Chanur’s Homecoming by CJ Cherryh

“Pyanfar-”

A hard grip settled onto her right shoulder. Claws bit. She stared into lambent, hani eyes. “I let Jik go,” she mumbled, knowing she was rambling, but suddenly it seemed to matter, it seemed something that Tauran had to know, part of the puzzle, the jagged pieces that resulted when someone dropped the universe and it shattered, scattered, made new patterns that a ship had to navigate. “It’s important.” But that was not enough to say. “The mahendo’sat are the key. Neither predator nor prey. They’re important. Always prying into things. Like Tully. The humans are like them. Both predator and prey. Be careful. The mahendo’sat didn’t know that. Humans are trouble. They’ll confound us like the mahendo’sat. Like the methane-breathers. The kif know that. Even the han had instinct on their side in that one. We were right.”

“Captain,” Haral said. Haral’s face this time, displacing the other. “Captain, here’s here. Watch the time, cap’n.”

She blinked.
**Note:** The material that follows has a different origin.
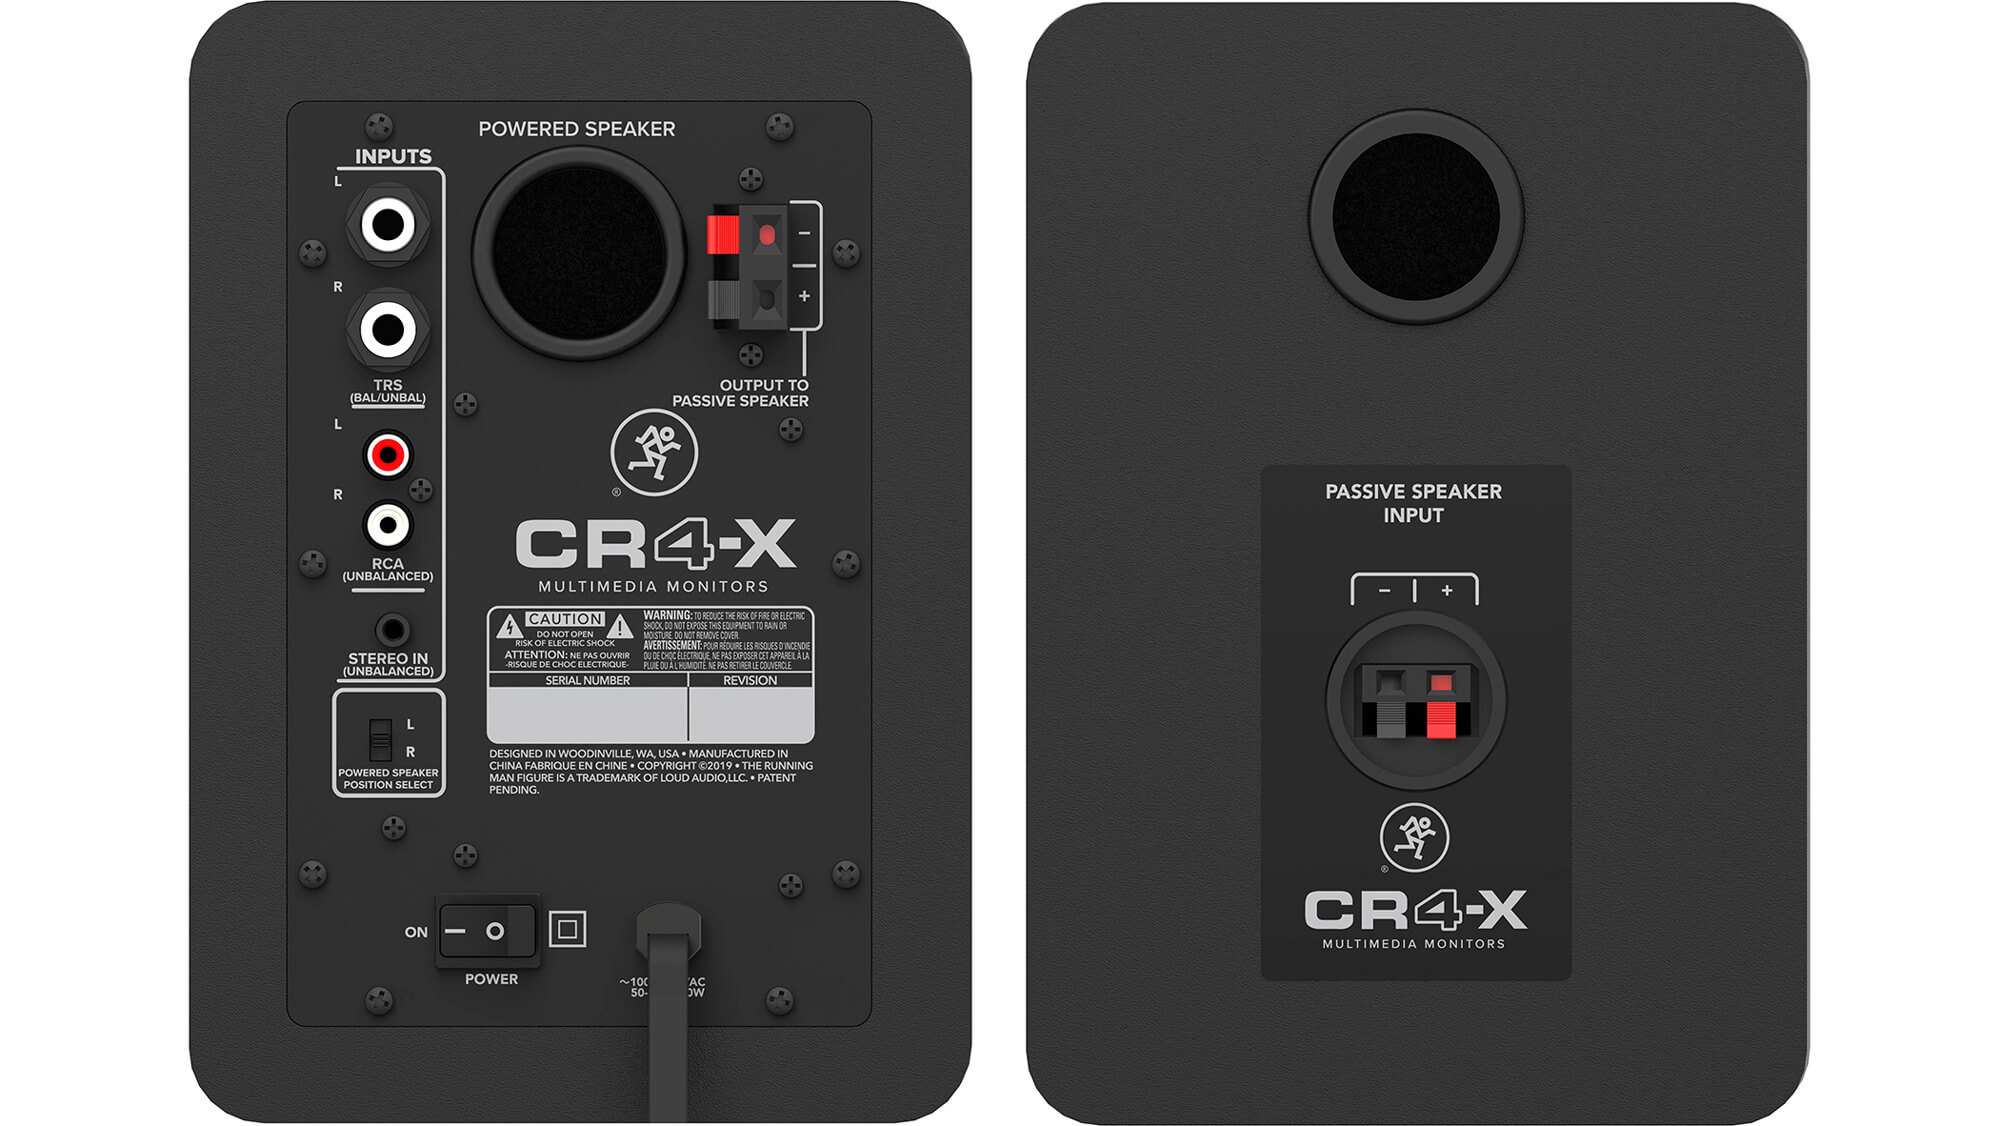 The CR4-X monitors have both TRS and RCA inputs, but they have no tuning options. The rear bass port allows for low-end projection, but you'll need to be mindful about placement in front of a wall.

Jolted back to physical motion again instead of all-movement, particle-dance and star motions. Blinked again. “Yeah,” she said. Blinked a third time and things hurt again. Her legs felt unsteady. “I’m going.”

(“Is she all right?” someone asked, not a Chanur voice. Young voice. Fiar.)

Pyanfar turned around, flattened her ears, fixed the young tech with a stare. “She’s fine, youngster.” She drew a larger breath, continued the sweep of her eyes on back to Sirany. “I’ve preset us to drop close in. May have been a mistake. We do the best we can.”

Doubt. Plain and clear on Sirany’s face. This is what we’ve got to rely on, is it? Woman’s been through too much. Too long, too far. We’re bound to sit duty on this leg and we have to hand off the ship at Anuurn to a lunatic. With all that may be at stake.

“Sirany, if you think I’m not tracking right, you’re mistaken.”

“Didn’t say that.” Not a bristle at the familiarity of first names. Not a twitch of irritation. It was pity. The ship crossed planetary diameters at a breath or two, and a fool wanted long arguments on the bridge, distracting the crew from their business.

“Get to work,” Pyanfar said. “Eyes on those boards!” Ordering the wrong crew. “Somebody get their eyes on those boards. I don’t care which.” So much for inattention, Sirany Tauran. Which of us is wit-wandering? “I’m telling you,” she said, trying to dredge gnosis up from the free-association where it was wandering. Dark territory. Nowhere. Numbers and lines spread wide through the Compact. “Jik is the best we’ve got. Rely on him and his First. And I want com through to allship this time. The kif too. We can’t afford to come out the other side wondering where we are.”

No, Pyanfar Chanur, we certainly can’t afford that. Still the doubt. Below the surface now, like a fish gone into deep waters. Surface smooth, a relief to have the proprieties back again. But the doubt was still cruising along down there, all sleek and dark and quiet.

To flare up at the wrong moment, and turn and bite you, yes, Pyanfar Chanur.

“We’re still on auto?” Sirany asked. “Still?”

“Good computer,” Pyanfar said. “Good crew. I told you those nav figures are right. I’m not a liar, ker Sirany.”

“No,” Sirany said, quiet against her heat, “I really don’t think you are.”

“What I was talking about. Think on it, you said. Think on it.” See, I remember. Do you, Tauran? Your mind that clear? Or do you still think I’m crazy? “I’m asking again. Here and now. Before we get make drop at Anuurn.”

“Join you?”

“That’s what I’m asking. You’re supposed to give the rest of the captains out there some kind of report before then, aren’t you? Sure you are. But you haven’t, yet. Jik would have reported it to us. Unless you coded it real clever.” She leaned hard on the chair back, eased the weight on her legs. “What are you going to tell them?”

Long hesitation. “That you’re no pirate. That we’re convinced of that.”

She stood there a moment. Blinked, trying to run it through .her brain. “But not that we’re right.”